Phil 160D2
Mind, Matter and God

D2L Website

1. Introductory Paragraph:
   1. In this paragraph, provide a very brief introduction describing Socrates’ demonstration of innate mathematical knowledge presented in the Meno.
   2. Keep this paragraph brief.
   3. Avoid trite phrases and avoid providing historical background.
   4. You simply want to present an explanation of Socrates’ demonstration that provides the key features of the demonstration, and this is the only thing you want to present in this introduction---keep your paper very focused!
   5. You will want to end this introduction paragraph with 1 or 2 sentences explaining your answer to the two-part question that is the focus of this paper topic.

                                                            i.      In other words, you want to provide an initial summary of at most two sentences answering the two following questions:

1.    Why do you think mathematical knowledge is more likely to be known innately?

2.  What is the best argument against the view that Socrates’ demonstration shows mathematical knowledge is known innately?

3.  As an element in the introduction to your paper, your initial summary should not include any explanation of why you arrived at your answers since this explanation will be developed in the body of your paper.

 

2. Development of your Position (consisting of roughly two pages and including several paragraphs)
   1. Immediately after your introduction paragraph, you should address the first half of the paper topic. Namely, explain your answer to why mathematical knowledge is likely to be innate.
   2. In providing your explanation, think of the following:

                                                              i.      The ways in which mathematical knowledge is often more certain than other kinds of knowledge.

1.    For example, do I know that a particular flower is red the same way and with the same certainty that I know that 2 + 2 = 4?

2.  Is the latter a better case of knowledge than the former?

                                                           ii.      Although it may happen to be true that the particular flower is red, it might have been false

                                                         iii.      It is also true that 2 + 2 = 4, but might that have been false?

1.    Does this suggest that mathematical truths are necessarily true whereas many truths about physical objects, such as flowers, are not necessarily true?

2.  Does the necessity of a mathematical truth enable us to know it with certainty?

3.  Does the lack of necessity in the case of a truth about a particular physical object’s color prevent us from knowing this truth with certainty?

4.  I might have various perceptual experiences that might disconfirm my prior judgment of the flower’s color, but could any experience disconfirm my judgment that 2 + 2 = 4?

5.  How might the kind of certainty associate with knowing mathematical truths indicate that such mathematical knowledge is innate?

                                                          iv.      Discuss the way in which mathematical knowledge is acquired.

1.    I can come to know that the flower is red by perception.

2.  I can come to know that salt is soluble in water by experimentation.

3.  Is mathematical knowledge acquired by perception or experimentation?

a.      Can we acquire mathematical knowledge by experience?

b.     It may be tempting to think it can be acquired by experience since you have had classroom experiences that produced mathematical knowledge, i.e., the experience of being told that 2 + 2 = 4, but considering such classroom experiences only pushes the question back.
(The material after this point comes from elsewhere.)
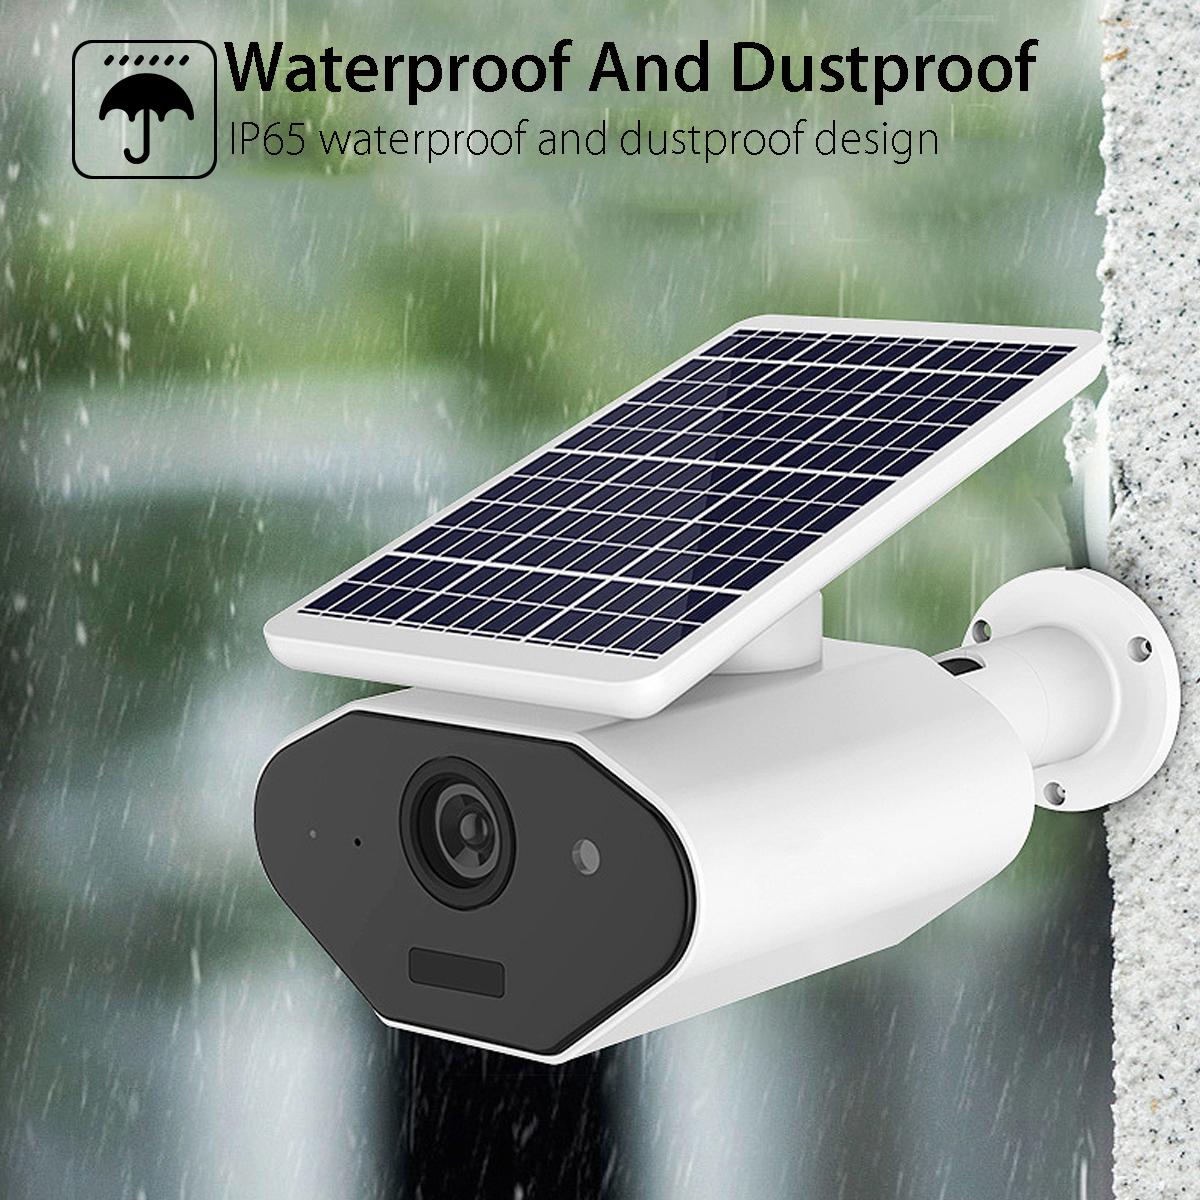 Solar Powered Wireless WiFi 1080P IP Camera Waterproof 143° Angle Night Vesion Two Way Intercom

How did your teachers come to acquire that knowledge? How did their teachers before them come to acquire their knowledge? And so on.

                                                            v.      Consider the ways in which mathematical knowledge is often claimed to be woven into the way we think.

1.    It appears to be impossible genuinely to imagine that 2+2 is not equal to 4

2.  It is certainly possible genuinely to imagine a red flower to be yellow

3.   This suggests that it is impossible for us to conceive of arithmetic as false

4.  Does this fact about us and how we think about arithmetic suggest that our knowledge of arithmetic (and mathematics generally) is innate?

                                                          vi.      Consider the fact that mathematical truths are universal in the sense that they are true forever and everywhere

1.    When we know a mathematical truth we thus know something that, since it is universally true, transcends our temporally and spatially limited experience.

2.  Does this fact suggest that it is impossible for us to know mathematics through experience?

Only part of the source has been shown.